Rahila, 11, lives in a traditional Afghan community where education for girls is often discouraged. Tremendous determination is needed to convince male family members to allow girls to attend school.
Of her five sisters, Rahila is the first girl in her family to have a chance at an education like their brother. Two of her sisters were married off when they were 14 and 16 years old. Based on a report by the Ministry of Education, an estimated 3.5 million school-aged children in Afghanistan don’t attend school, and the majority (75 per cent) are girls.
‘I [always wanted] to go to school,’ says Rahila, ‘I went to Masjid (mosque) to learn Islamic scriptures, but I was not allowed to go to regular school. My father had told me that learning Islamic texts is enough for girls.’
But traditions are starting to change thanks to World Vision, who has worked to establish Community Change (CC) groups to voice the burning, unspoken issues and identify the harmful misconceptions and beliefs often held in villages.
In CC sessions, people from different groups in the community come together twice a week to discuss, debate and decide on issues affecting their well-being. The aim of these discussions is to use community resources to take action based on common solutions.
As a result of CC sessions, members found out that school enrollment was very low in the village and despite girls expressing interest most of them aren’t allowed to attend.
The CC members met with the Head of Shura, religious leaders, and school principals to share their concerns and find a solution. According to Zahara, 23, a member in the CC group, ‘It was decided to form a school shura (both men and women) and conduct awareness raising sessions to increase villagers’ understanding of the importance of education.’ Community Change and shura members went home to home to talk to families and offer them information.
Zahara says that religious leaders also agreed to talk about education for girls from an Islamic perspective in Friday prayer as well as in community gatherings.
When CC members met with Rahila’s family, they learned that none of the girls in her family had participated in school, so it was a priority for them to change her father’s mind.
On one front, male CC members talked to Rahila’s father, and on another front the religious leader in the village mosque emphasised to him the importance of education. ‘It was good pressure and had a good result,’ Says Abdul Khaleq, a CC member. ‘He at least allowed Rahila to go to school.’
'I felt shy. I was much older than all of them, but I was used to it after two weeks.’
The first day of school wasn’t easy; at 11 years old, Rahila felt ashamed to attend classes with girls of 7. ‘I felt shy. I was much older than all of them, but I was used to it after two weeks.’
Because Rahila had studied in a mosque she quickly learned the basic alphabet and numeracy and was allowed to participate in grade two. She likes her classmates and teacher. ‘I am happy that I’m going to school. I don’t want to be married off like my sisters. I want to be a teacher.’
The CC groups were brought to life through a program funded by the Australian Government, DFAT and has engaged specifically with woman-headed households (i.e. widows; families where the male provider migrates for work; women with husbands who are disabled, sick or addicted to drugs, etc.) to build opportunities for developing sustainable incomes.

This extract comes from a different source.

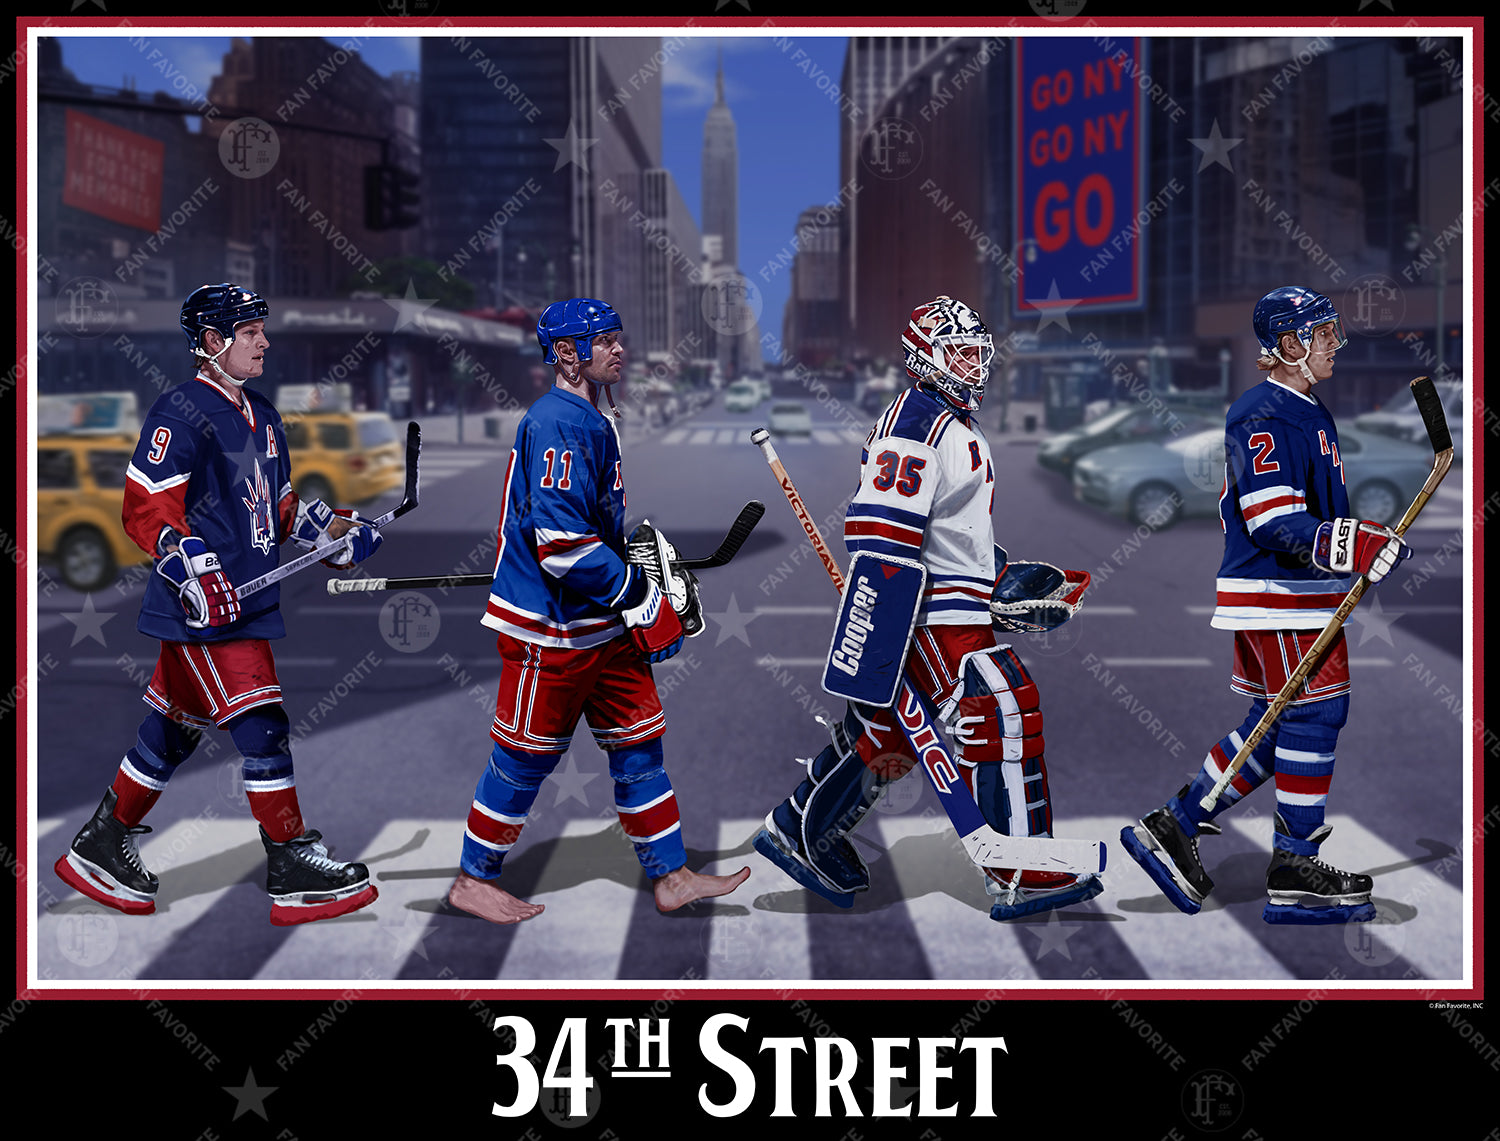 34th Street (Hockey) Wall Print

To ensure that targeted communities are aware of the benefits of inclusiveness, the project formed 11 CC groups in 105 targeted villages of Badghis province to increase women’s participation in social activities.

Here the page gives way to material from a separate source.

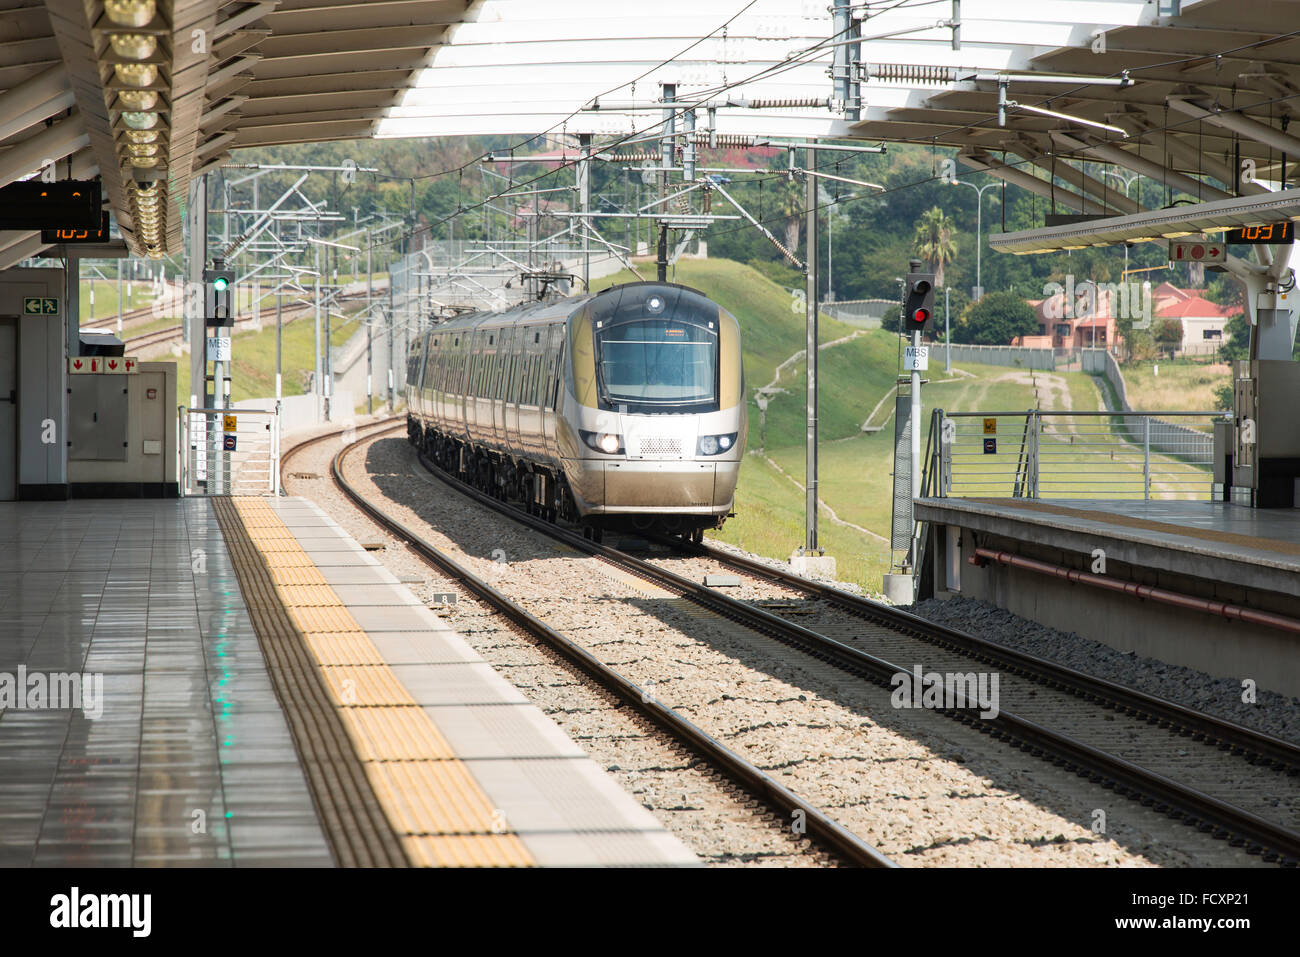 Train arriving at Marlboro Gautrain Station, Marlboro, Sandton, City of Johannesburg, Gauteng Province, Republic of South Africa Stock Photo

Khairunisa, the head of Rahila’s school, reports that ‘The number of girls’ enrolment has increased to 30. These girls had not been allowed to come to school [before] due to cultural barriers. I am happy that our efforts had this result.’
According to the United Nation’s Educational, Scientific and Cultural Organisation (UNESCO), Afghanistan needs to allocate more funds for education because the current literacy rate is at 34 per cent (49 per cent for men and 19 per cent for women), one of the lowest in the world.
Today, Rahila can dream because she knows that getting an education will brighten her future and help her to achieve her goals. One day, she says, ‘I want to teach the children in my village.’
It Takes A World
World Vision Afghanistan has launched World Vision’s global campaign ‘It takes a world to end violence against children’ here in this country. Through this important campaign we aim to address forced and child marriage in order to allow these girls to enjoy their childhood, but also to have the opportunity to go to school to help prepare them for a better future.